Question: If angle between two vectors $\overline{a}$ and $\overline{b}$ is $\pi/6$, $|\overline{a}| = 1$, $|\...

Question

If angle between two vectors $\overline{a}$ and $\overline{b}$ is $\pi/6$ , $|\overline{a}| = 1$ , $|\overline{b}| = \sqrt{3}$ such that vectors $3(\overline{a} \times \overline{b})$ and $2(\overline{b} - (\overline{a}.\overline{b})\overline{a})$ represent two sides of a triangle then its area in square units

Answer 1

Solution

The area of a triangle with adjacent sides represented by vectors $\overline{p}$ and $\overline{q}$ is given by $\frac{1}{2} |\overline{p} \times \overline{q}|$ .

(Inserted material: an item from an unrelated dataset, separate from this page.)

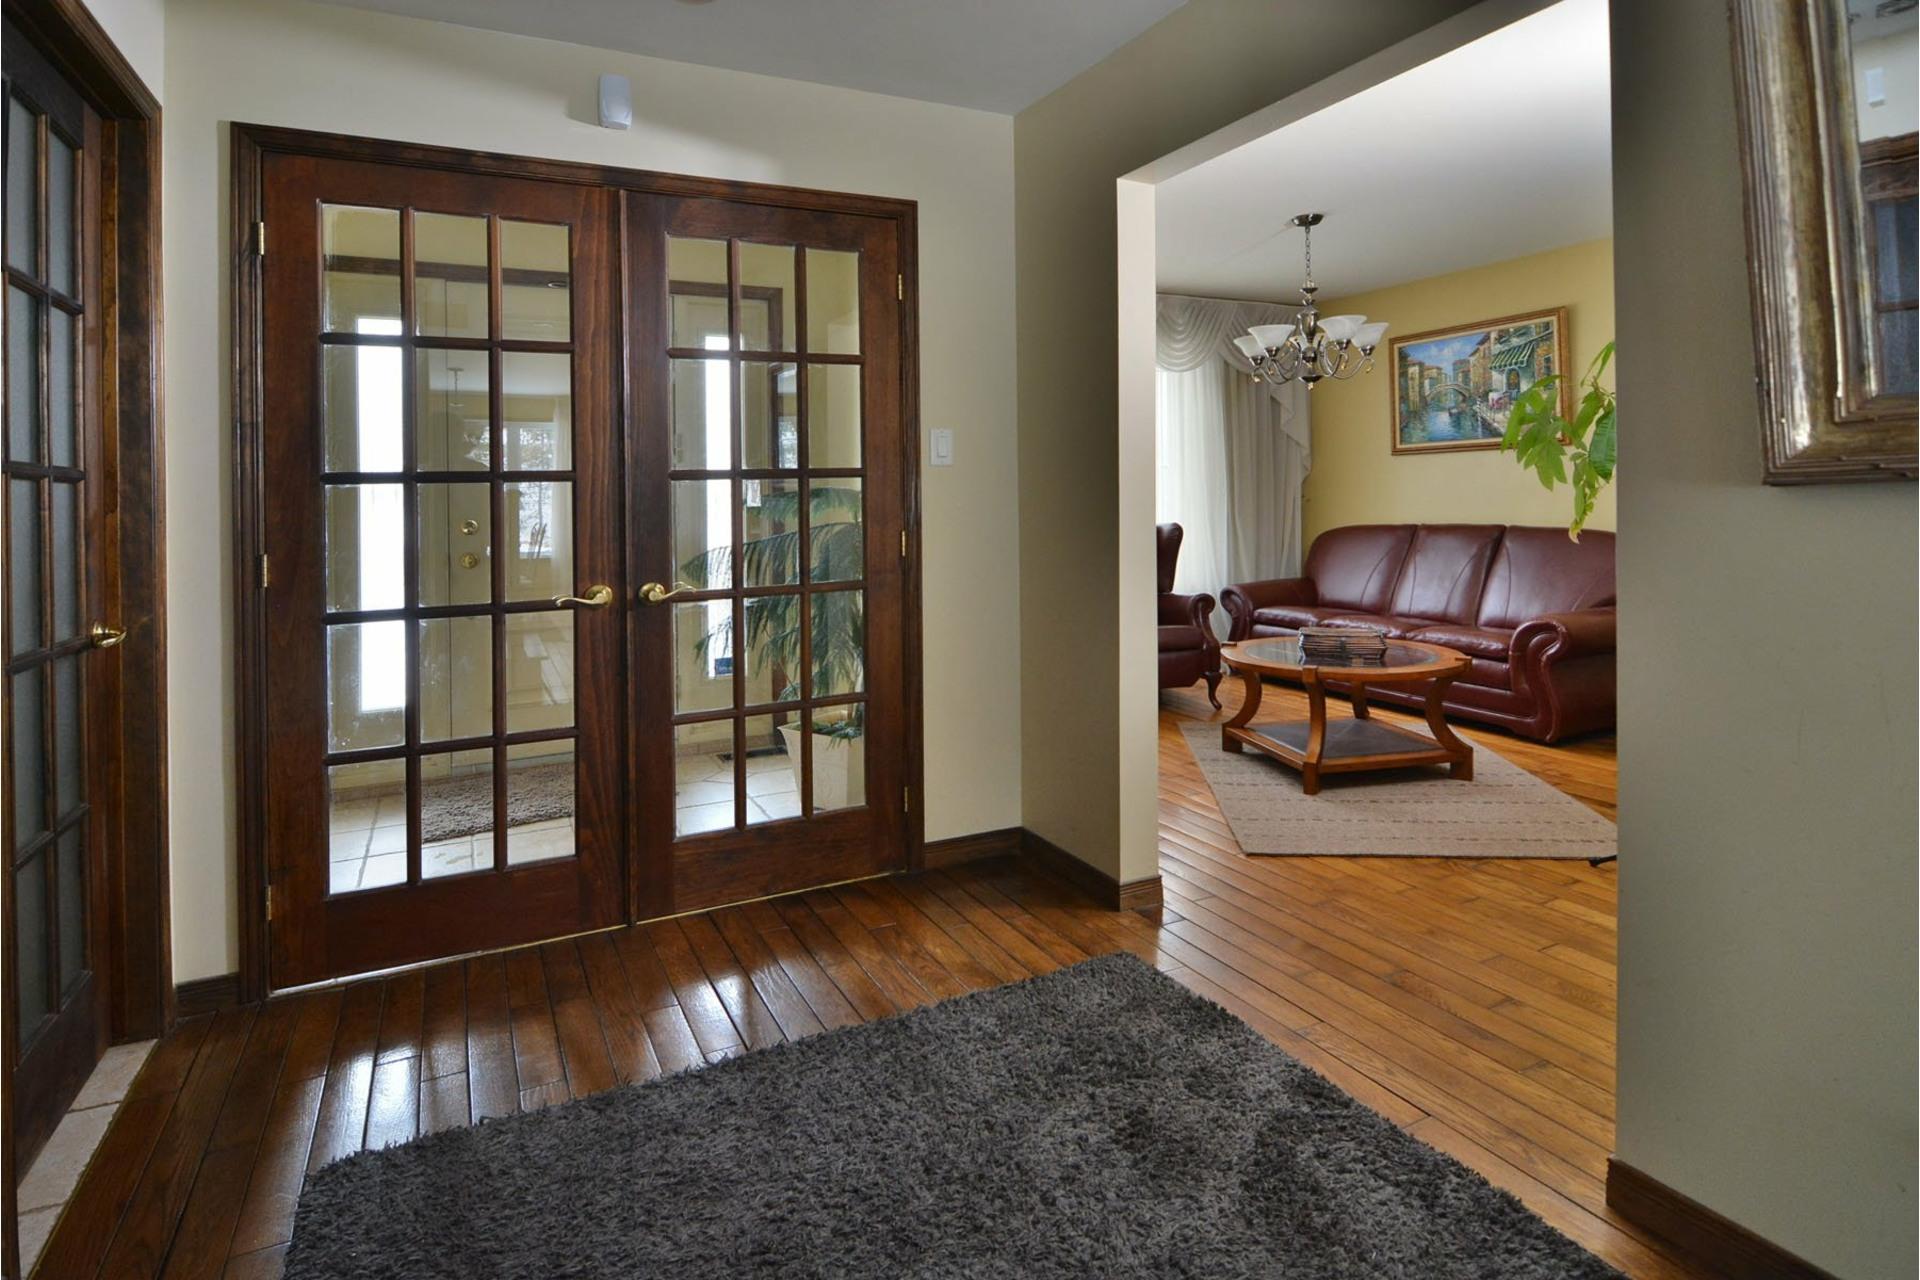 image 3 - Maison À vendre Pierrefonds-Roxboro Montréal  - 12 pièces

Given vectors $\overline{a}$ and $\overline{b}$ with: Angle $\theta = \pi/6$ $|\overline{a}| = 1$ $|\overline{b}| = \sqrt{3}$

First, calculate the scalar product and the magnitude of the cross product of $\overline{a}$ and $\overline{b}$ : $\overline{a} \cdot \overline{b} = |\overline{a}| |\overline{b}| \cos \theta = (1)(\sqrt{3}) \cos(\pi/6) = \sqrt{3} \left(\frac{\sqrt{3}}{2}\right) = \frac{3}{2}$ . $|\overline{a} \times \overline{b}| = |\overline{a}| |\overline{b}| \sin \theta = (1)(\sqrt{3}) \sin(\pi/6) = \sqrt{3} \left(\frac{1}{2}\right) = \frac{\sqrt{3}}{2}$ .

Let the two sides of the triangle be: $\overline{p} = 3(\overline{a} \times \overline{b})$ $\overline{q} = 2(\overline{b} - (\overline{a} \cdot \overline{b})\overline{a})$

We need to calculate $\overline{p} \times \overline{q}$ : $\overline{p} \times \overline{q} = [3(\overline{a} \times \overline{b})] \times [2(\overline{b} - (\overline{a} \cdot \overline{b})\overline{a})]$ $\overline{p} \times \overline{q} = 6 (\overline{a} \times \overline{b}) \times (\overline{b} - \frac{3}{2}\overline{a})$ Using the distributive property of the cross product: $\overline{p} \times \overline{q} = 6 [(\overline{a} \times \overline{b}) \times \overline{b} - (\overline{a} \times \overline{b}) \times (\frac{3}{2}\overline{a})]$

Using the vector triple product identity, $\overline{u} \times (\overline{v} \times \overline{w}) = (\overline{u} \cdot \overline{w})\overline{v} - (\overline{u} \cdot \overline{v})\overline{w}$ : $(\overline{a} \times \overline{b}) \times \overline{b} = (\overline{a} \cdot \overline{b})\overline{b} - (\overline{b} \cdot \overline{b})\overline{a} = \frac{3}{2}\overline{b} - 3\overline{a}$ . $(\overline{a} \times \overline{b}) \times \overline{a} = (\overline{a} \cdot \overline{a})\overline{b} - (\overline{a} \cdot \overline{b})\overline{a} = (1)\overline{b} - \frac{3}{2}\overline{a} = \overline{b} - \frac{3}{2}\overline{a}$ .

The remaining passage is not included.